Sometimes yes, but only after a real site survey. If the existing passive DAS still has usable coax, acceptable loss and PIM behavior, enough band support, and a topology that can carry the required MIMO paths, a selective upgrade can be practical. If the site needs major new capacity, heavy sectorization, or the feeder network is already near its limit, forcing reuse usually creates rework later.

That is the real answer most buyers need. The question is not whether coax reuse sounds attractive in a brochure. The question is whether the existing network can still support the 5G indoor coverage target after you account for feeder loss, component condition, MIMO order, and site constraints.

Why This Question Comes Up So Often

Many buildings already have a passive DAS in place. The cable routes are hidden above ceilings, access windows are limited, and the venue owner does not want a major new construction cycle just to add 5G indoor coverage.

At the same time, the performance target has changed. MIMO is usually the preferred architecture when the goal is higher throughput and capacity. A simpler SISO approach may cost less, but it normally delivers lower speed and lower capacity than a MIMO design.

That is why existing passive DAS networks become a decision point. Some are still good retrofit candidates. Others were never built for the bands, losses, and branch behavior that 5G indoor coverage now needs.

Start With One Honest Question

Do you want to preserve cable routes, or do you want to preserve network performance?

In a good retrofit project, you can keep both. In a bad retrofit project, the team protects the old cabling but gives away too much signal quality, too much capacity, or too much time during commissioning.

The safer way to decide is to treat coax reuse as an engineering hypothesis. Then test it.

What Must Be True Before Reusing the Existing Passive DAS

1. The feeder network still behaves like a controlled RF path

The old cable map is not enough. You need current measurements.

In practice, that means the team should know:

  • feeder lengths and branch layout
  • connector types and splice history
  • return loss and fault distance by segment
  • whether the worst branches still fit the link budget

If those numbers are missing, the site is not ready for a confident yes.

2. The passive path supports the bands that matter for this project

Band support is one of the quickest ways to waste time on the wrong retrofit.

A passive DAS that was acceptable for an older band plan may not be suitable for the full band mix now expected on site. This is where old splitters, couplers, terminations, and connectors start to matter. A cable route is only useful if the passive components around it still fit the target frequency plan.

3. The topology can support the required MIMO order

This is where many retrofit conversations become too optimistic.

The issue is not simply whether the building has coax. The issue is whether the site can carry the required MIMO branches without creating an RF compromise somewhere else in the network.

For suitable projects, RFCOM’s current solution positioning allows a practical description: the system is designed to support 2T2R over one suitable coaxial path or 4T4R over two suitable paths, subject to project design and compatibility review.
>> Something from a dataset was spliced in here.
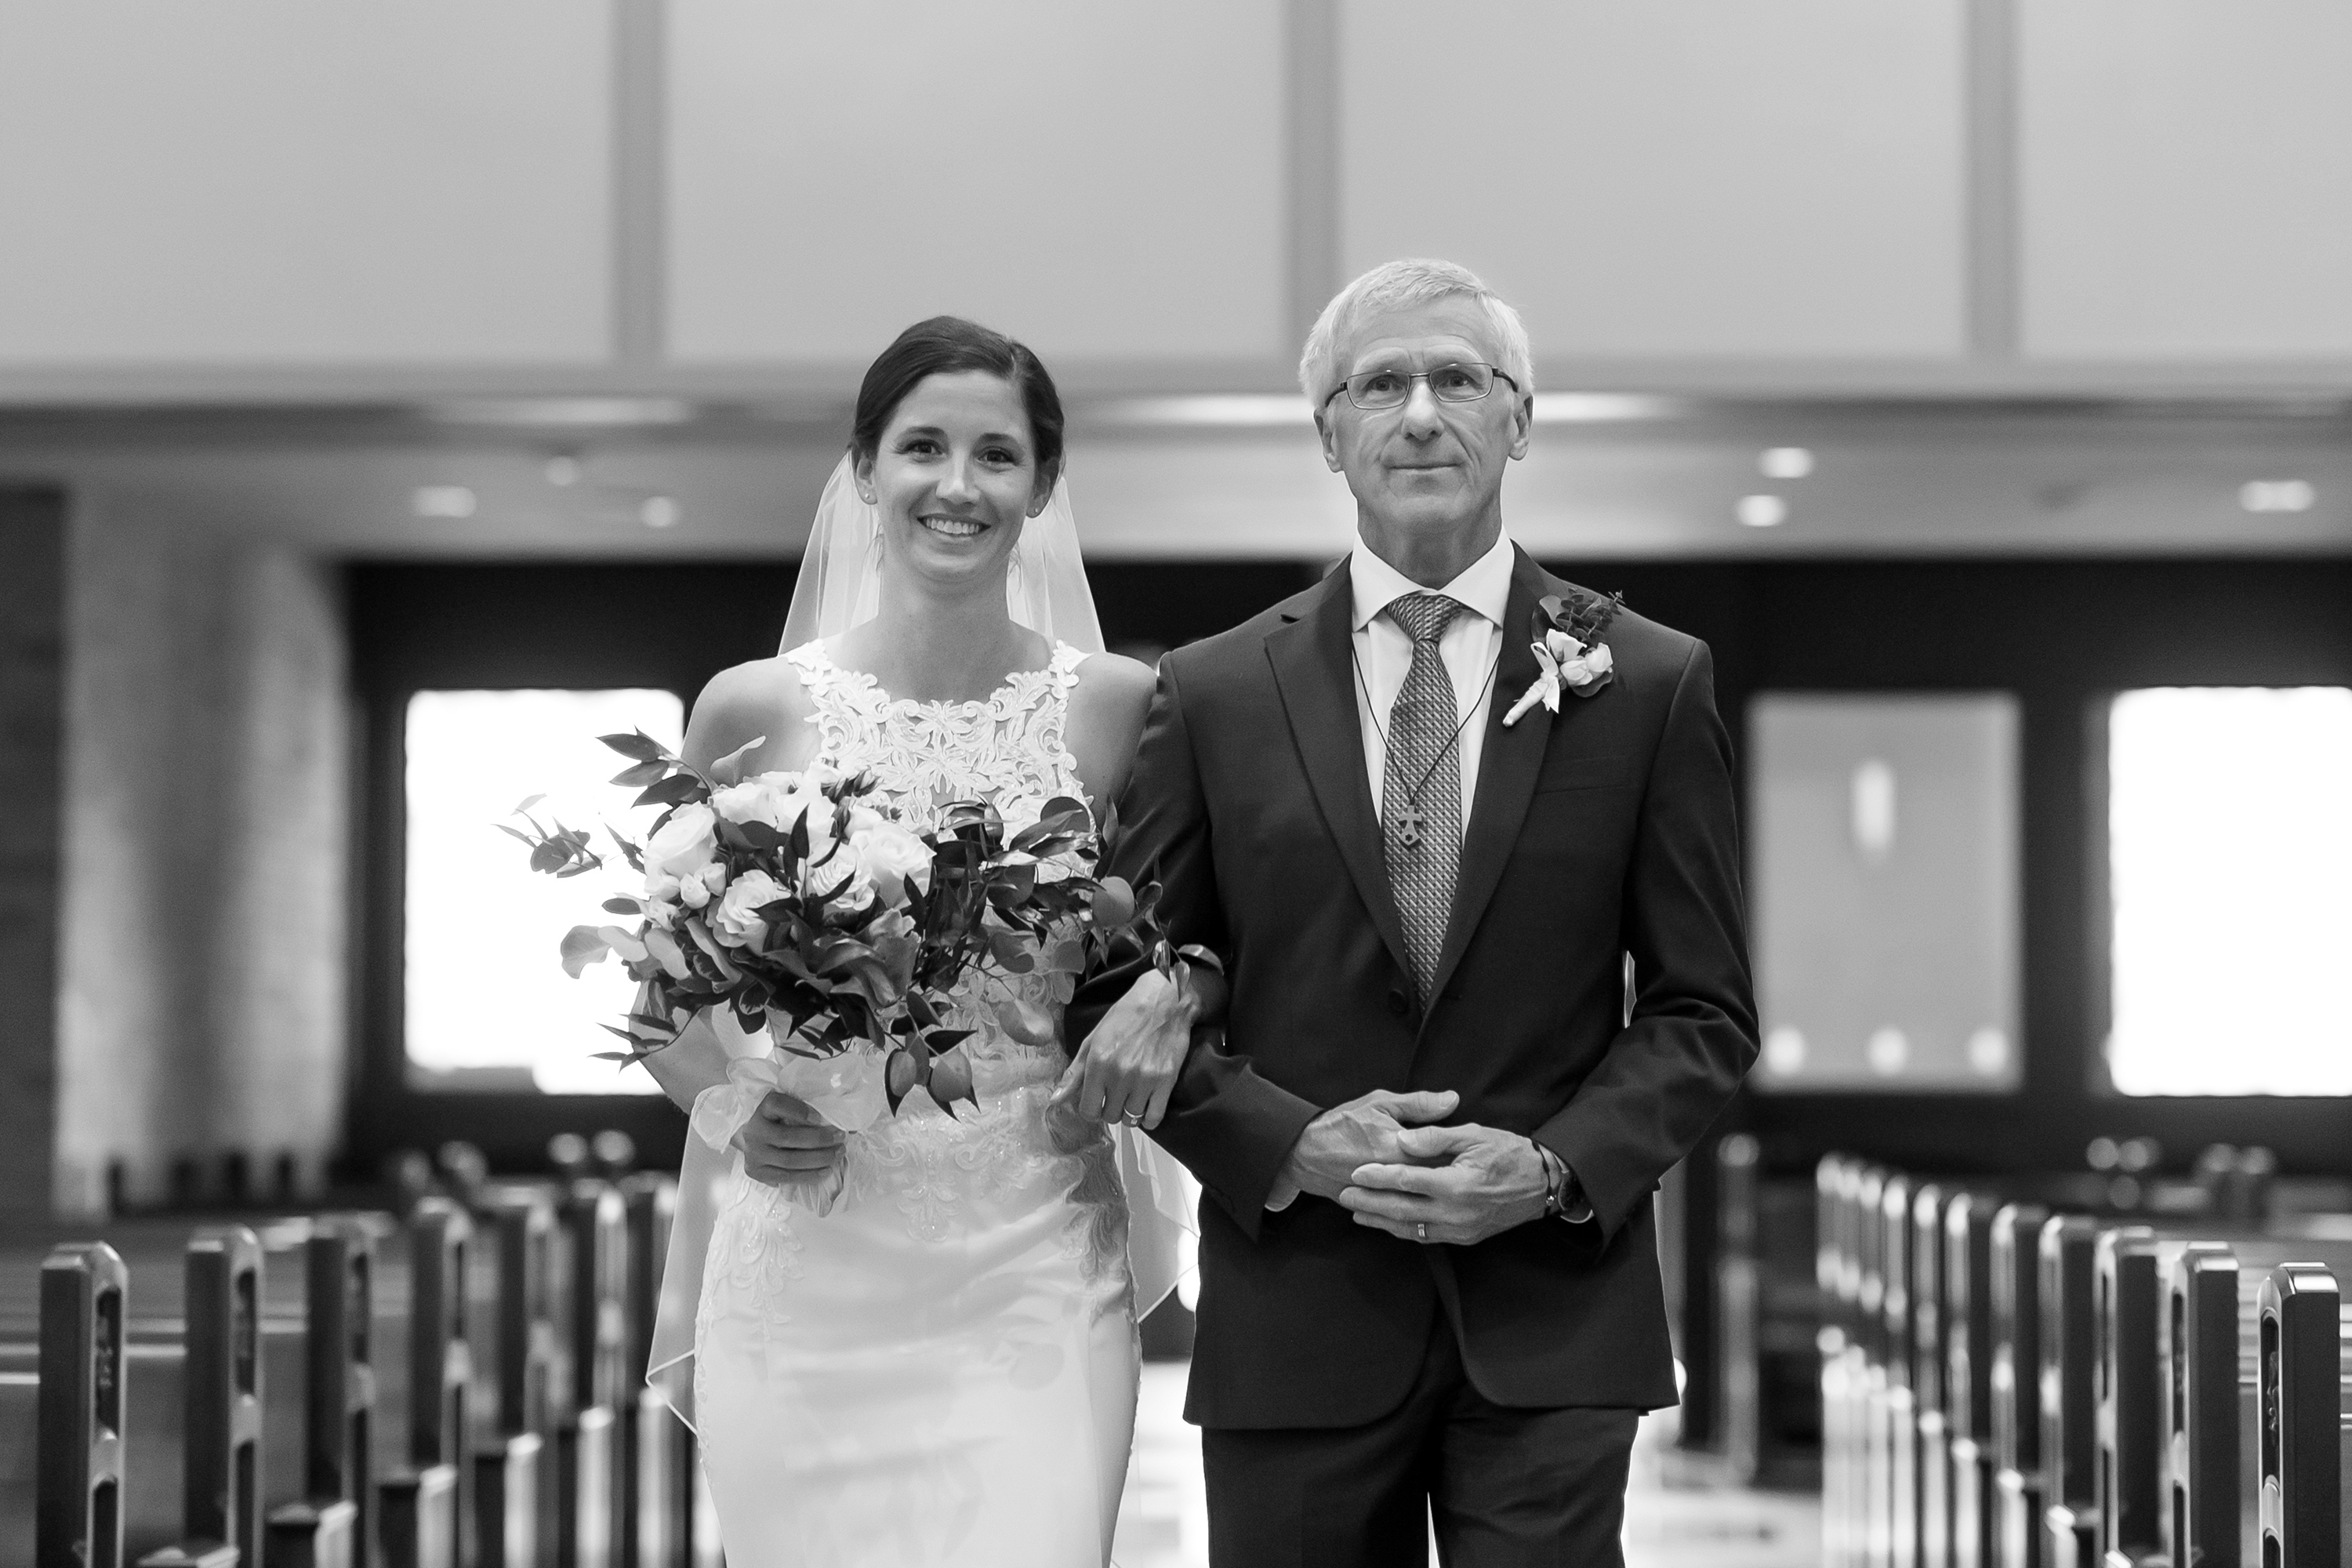 Father walks bride down the aisle at Our Lady of Lourdes Catholic Church in Denver, Colorado

That does not mean every existing passive DAS is a 4T4R candidate. Dense venues, complicated branch structures, or long feeder runs may still push the design toward a different architecture.

4. PIM and connector quality are under control

Passive DAS problems often look like a coverage problem at first and a hardware problem later.

If connector torque, plating condition, mounting details, or cable treatment are poor, the network may pass an initial inspection and still fail during acceptance or optimization.

That matters because a retrofit project is usually sold on reduced disruption. If the team has to reopen ceilings or chase branch-level faults after cutover, most of that advantage disappears.

5. The site can actually support the upgrade work

The survey should also look beyond pure RF. Head-end room details, roof access, building conditions, installation constraints, and available power and wall space often decide whether a project stays selective or becomes a partial rebuild.

A technically workable RF concept can still fail once the team discovers there is no clean power path, no equipment room space, or no acceptable route for the required component swaps.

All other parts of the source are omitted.